Contributory Negligence Will Be Equal When Deceased Car Driver Didn’t Take Sufficient Care While Undertaking & Lorry Was Not Being Driven At Normal Speed: Supreme Court
The appeal before the Supreme Court was filed by the claimants against an order determining the contributory negligence of the deceased driver of the car at 70%.

Determining the deceased car driver's negligence at 50%, the Supreme Court awarded half the amount of compensation to the claimants and explained that neither the car driver took sufficient care while undertaking the lorry nor the lorry was being driven at a normal speed.
The appeal before the Apex Court was filed by the claimants from an order of the High Court, determining the contributory negligence of the deceased driver of the car, whose death was sought to be compensated at 70%.
The Division Bench of Justice Sudhanshu Dhulia and Justice K. Vinod Chandran said, “The fact remains that there was a collision, and that the car was dragged to a distance of 20 feet after the collision, clearly indicating rash and negligent driving on the part of the lorry driver.
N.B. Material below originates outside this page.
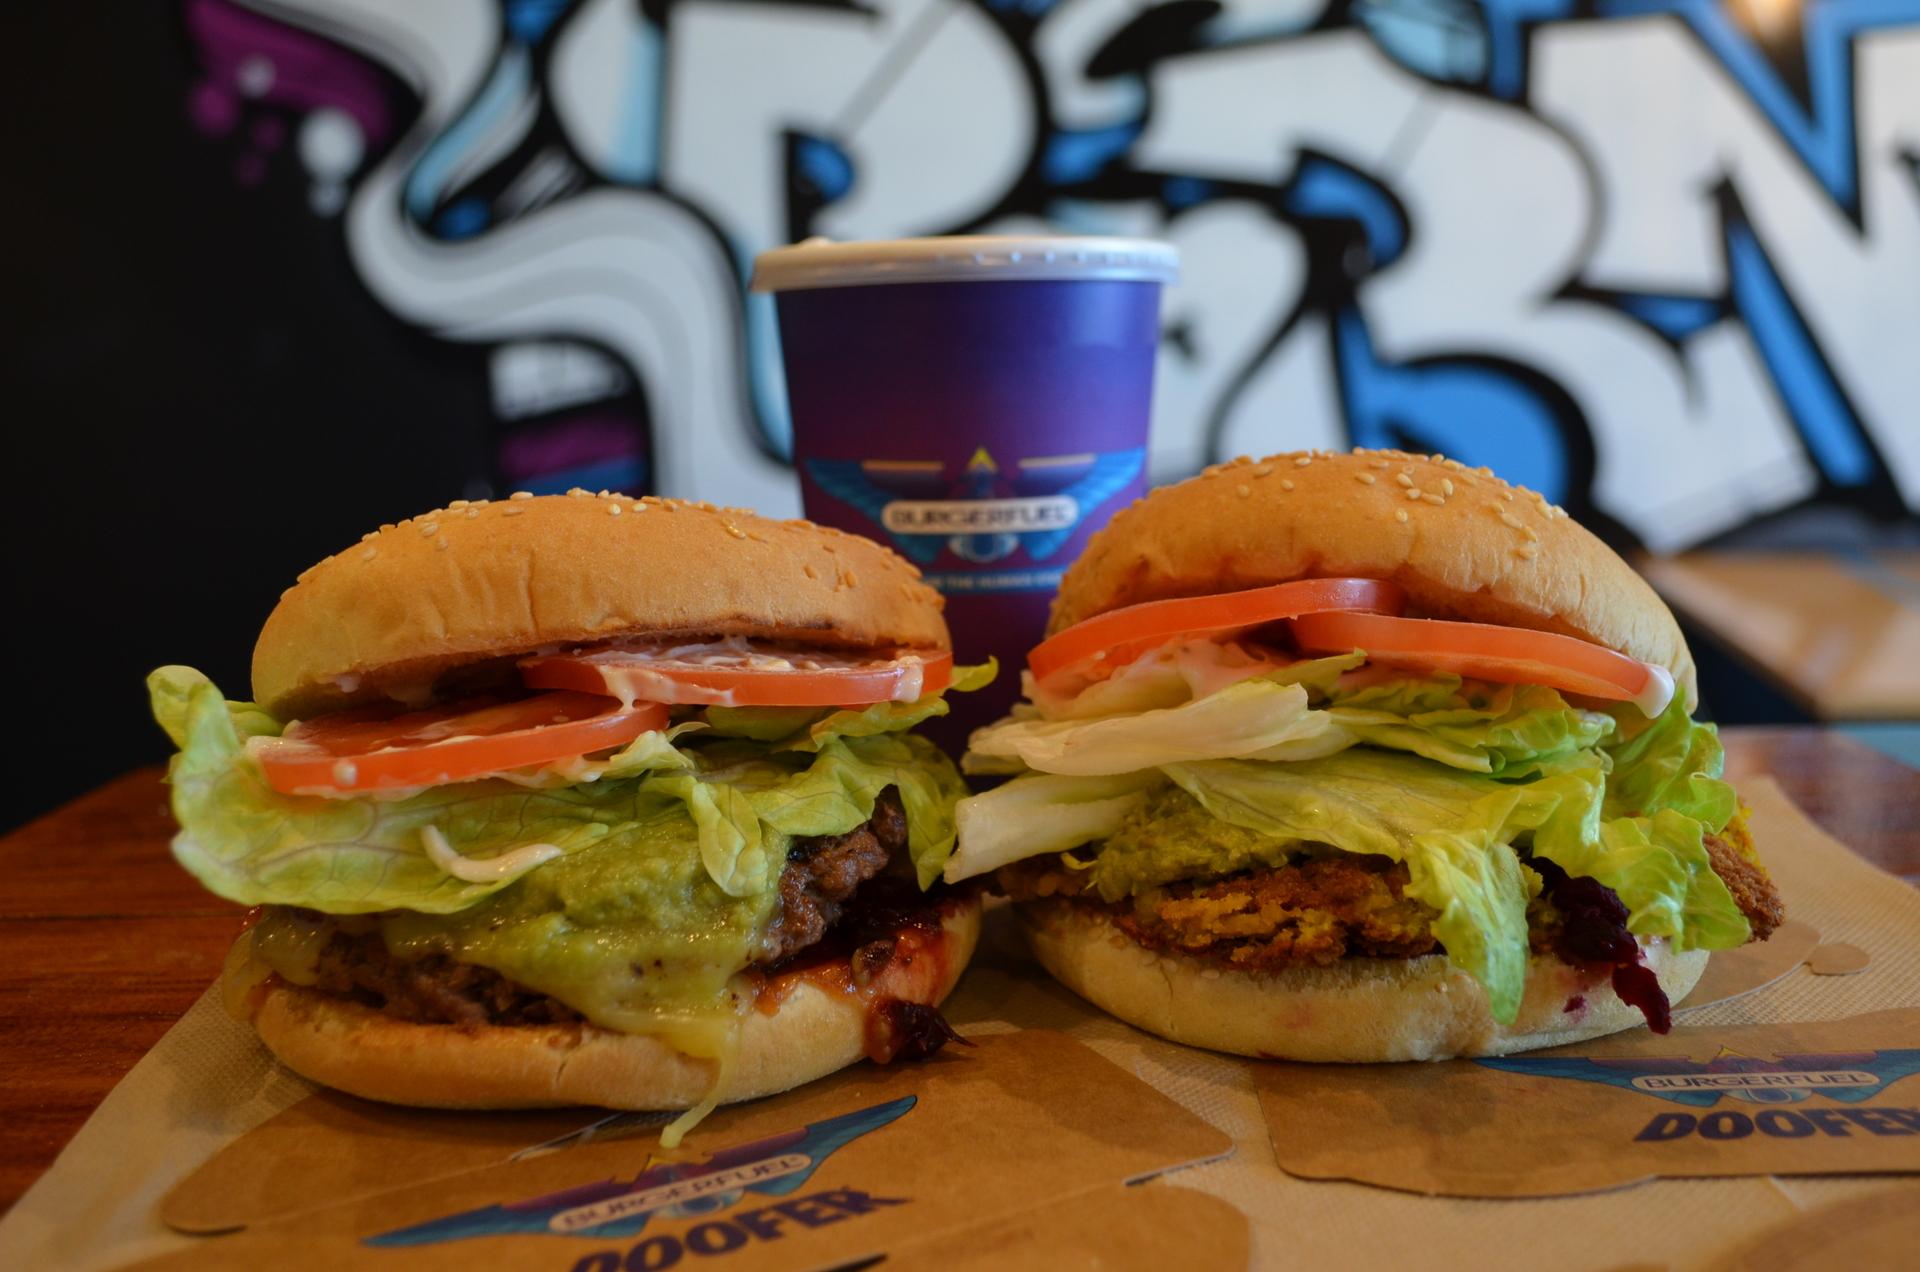 ハンバーガー | オークランド(NZ)在住MYDOニュージーランドさんのおすすめ料理・食べ物

We are hence inclined to find that the contributory negligence on the drivers will be equal, since there is fault on the part of the car driver in not taking sufficient care when overtaking, while the impact could have been avoided or gravity lessened, if the lorry had been driven in normal speed. Hence, apportionment of liability can be fixed at 50% for each.”
Factual Background
The accident was a head-on collision of a car driven by the husband of the claimant with a lorry, resulting in the instant death of the car driver. The Tribunal found that the accident occurred due to the negligence of the deceased driver, mainly relying on the FIR, which was registered against the deceased driver and the final report filed, closing the case, as the accused was no more. The claimants were awarded only an amount of Rs 50,000 under Section 140 of the Motor Vehicles Act, 1988.
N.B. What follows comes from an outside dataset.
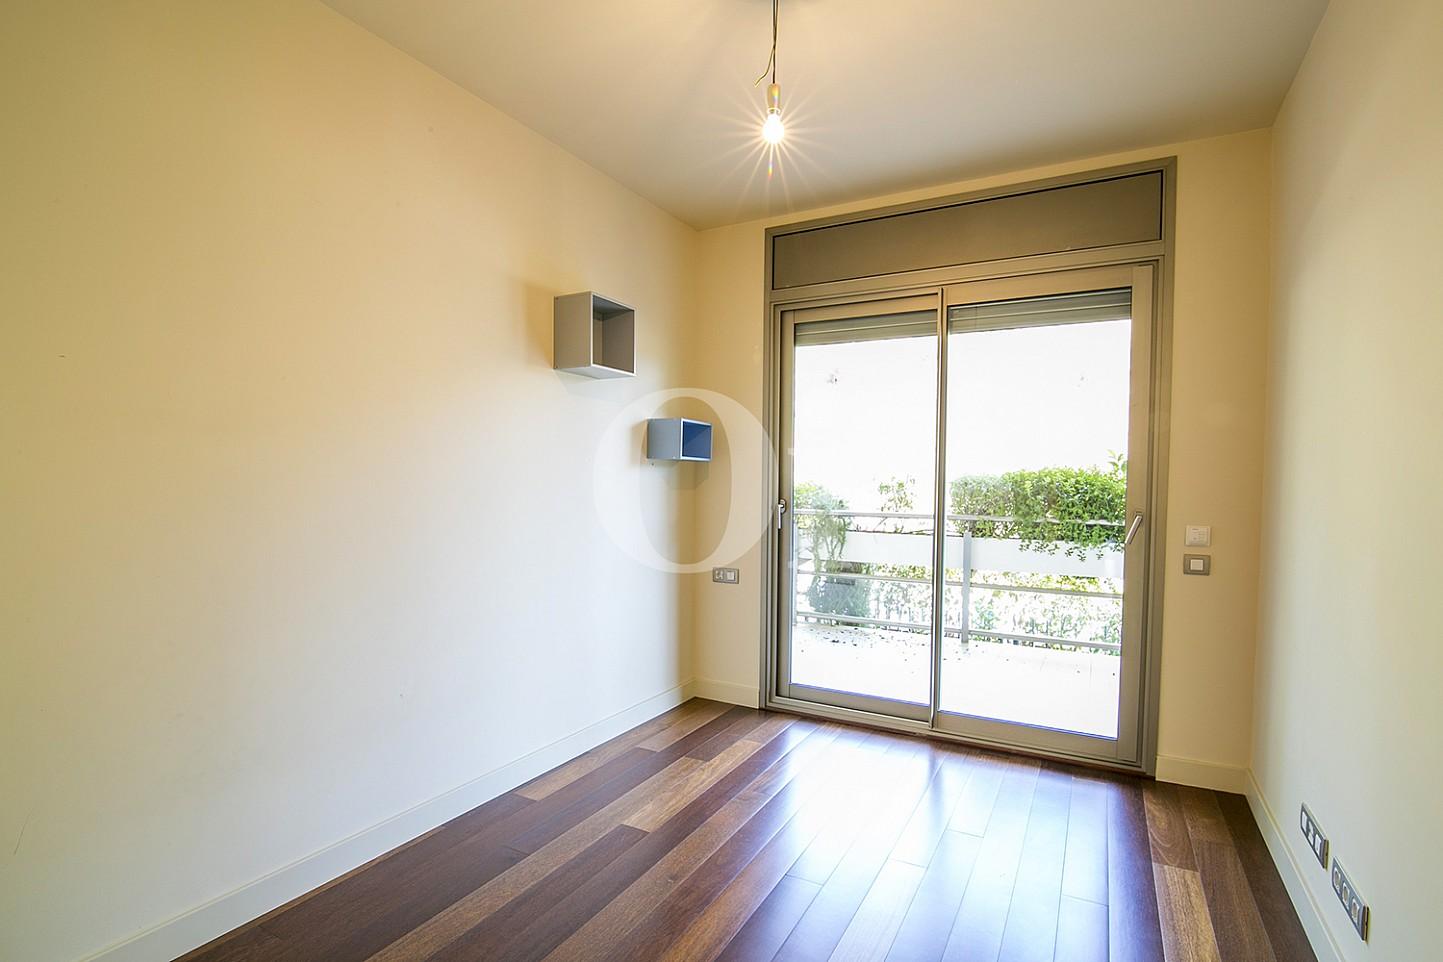 Habitació individual amb accés a l'exterior

The High Court found, on a reading of the rough sketch produced, that both drivers were negligent. While the deceased was overtaking a vehicle, the lorry coming from the opposite side was also driven rashly and negligently. The High Court, hence, found contributory negligence and fixed the liability of negligence on the driver of the lorry at 30%.
Reasoning
The Bench mentioned the fact that the crime was registered against the deceased driver of the car, but on the first information supplied by the driver of the lorry. “Obviously, no reliance can be placed on such FIR to find negligence on the driver of the car. The police also caried out no investigation and closed the case as one in which the accused is no more”, it said.
On the issue of negligence of both the drivers, the Bench noticed that the High Court had referred to the statement of the wife of the deceased car driver stating that the accident occurred while her husband was driving the car, trying to overtake a lorry and it dashed against the lorry coming from the opposite side. The Bench noted that she was neither present at the scene of the occurrence, nor travelling in the car with her husband. “The statement of PW-1 was based on an information given to her by an eyewitness. In addition, to the fact that no reliance can be placed on a statement under Section 161, Cr.PC, the eyewitness who gave such information to PW-1 was also not examined”, it said.
The Bench held that negligence in the present case could only be found from the attendant circumstances. The High Court noticed that the sketch prepared would indicate that the car driven by the deceased was overtaking a lorry. After the collision, the car was dragged to a distance of 20 feet, making it clear that the lorry was driven at a high speed.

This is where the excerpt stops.